WORK TO BE COMPLETED: Please print the full listing below exactly, but not the pictures in it.

INFORMATION PROVIDED:
--------------------------------------------------
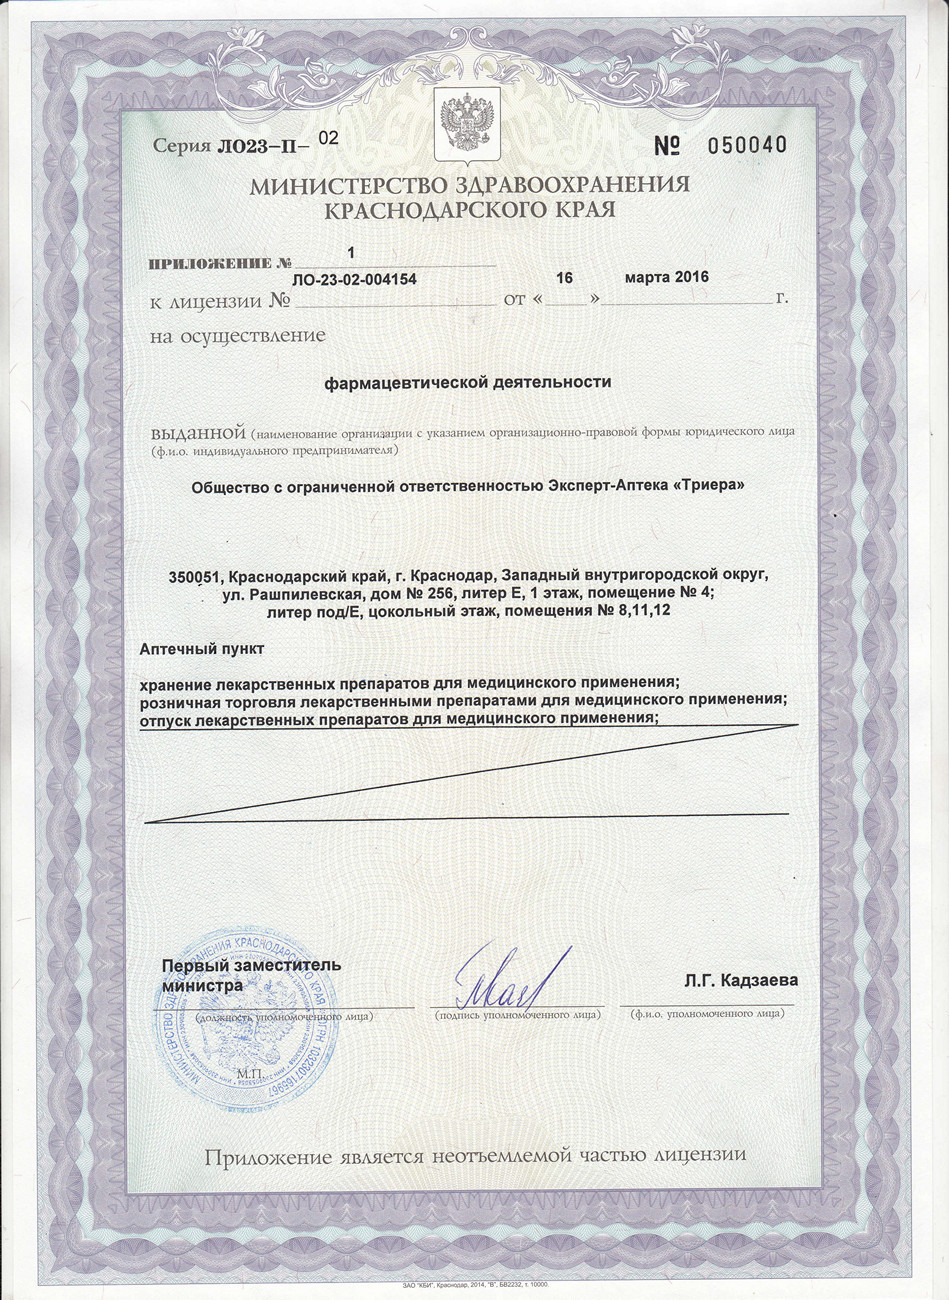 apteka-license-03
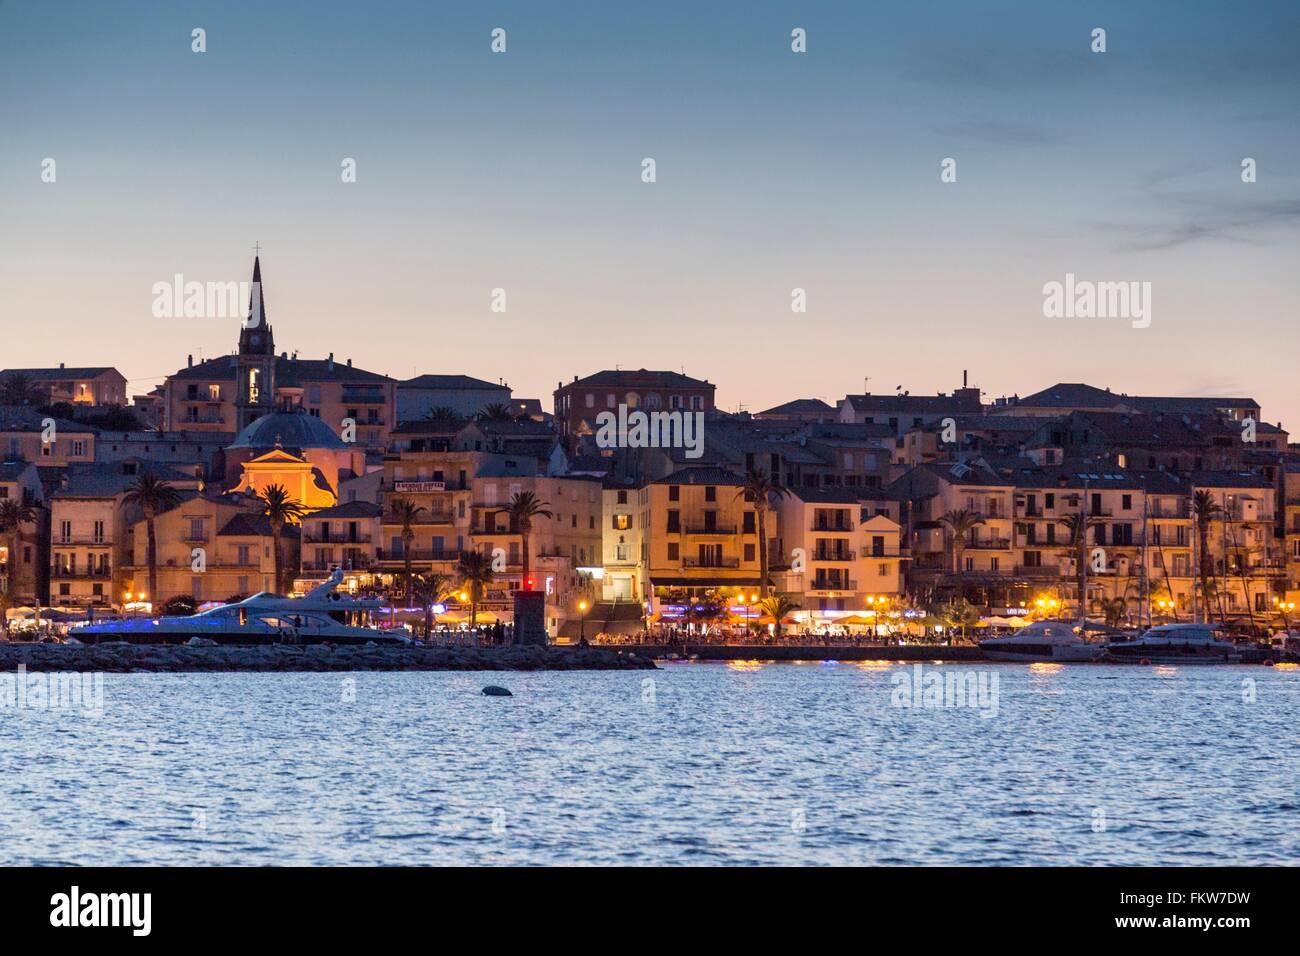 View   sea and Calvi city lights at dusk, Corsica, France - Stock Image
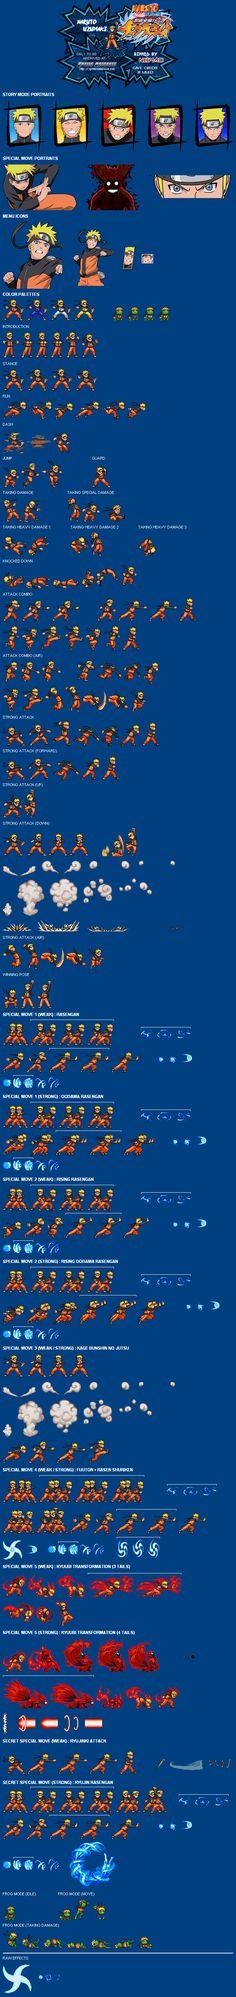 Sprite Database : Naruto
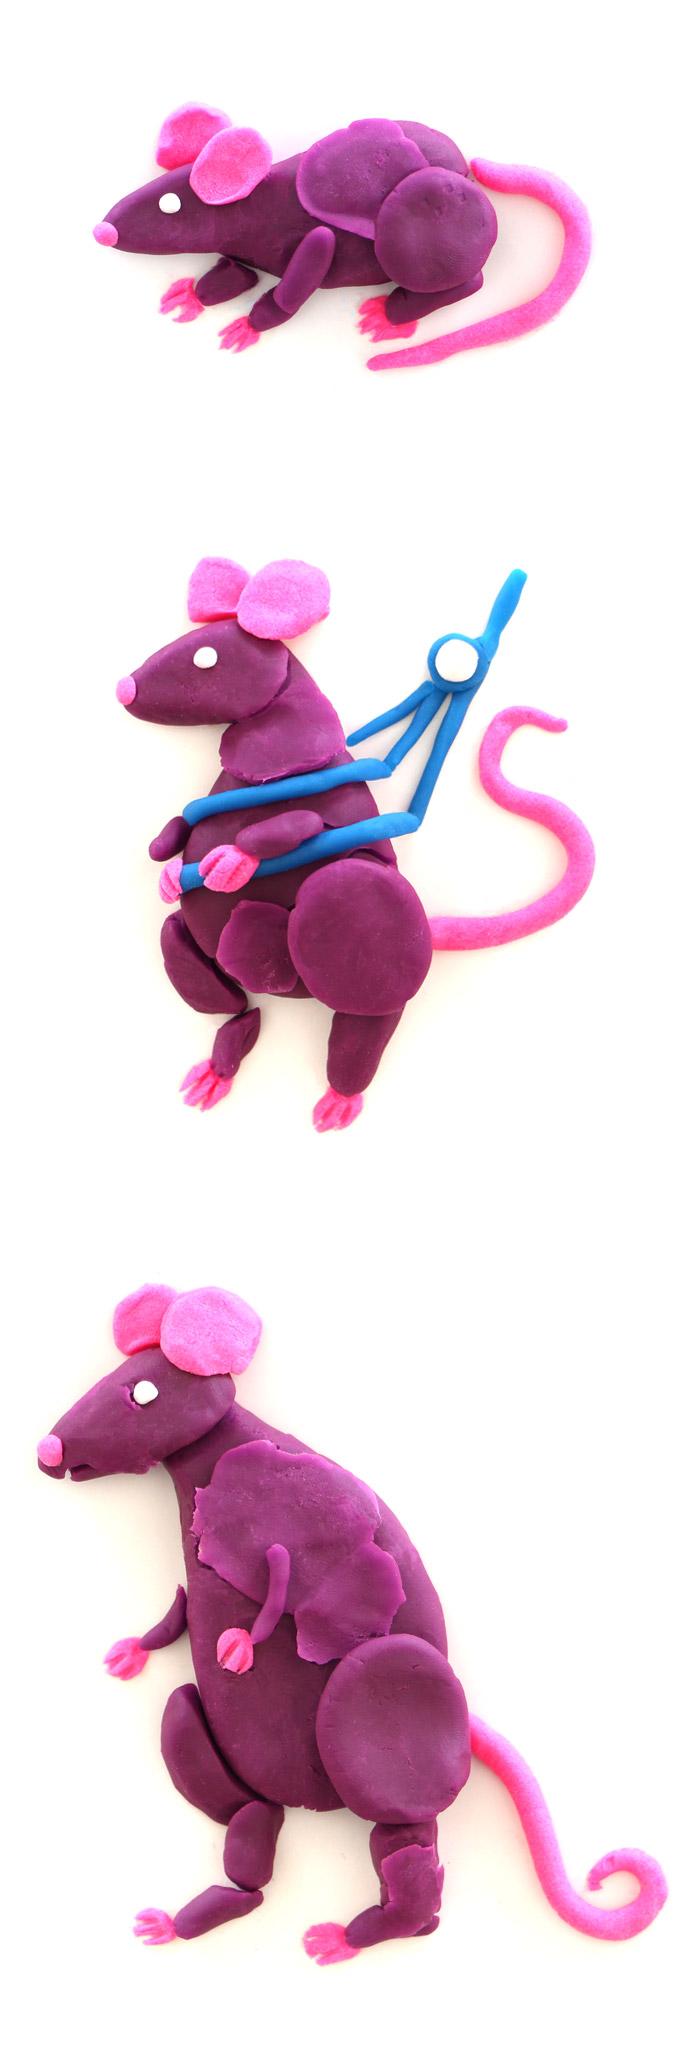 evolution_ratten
--------------------------------------------------
EXERCISE OUTPUT:
 apteka-license-03
 View   sea and Calvi city lights at dusk, Corsica, France - Stock Image
 Sprite Database : Naruto
 evolution_ratten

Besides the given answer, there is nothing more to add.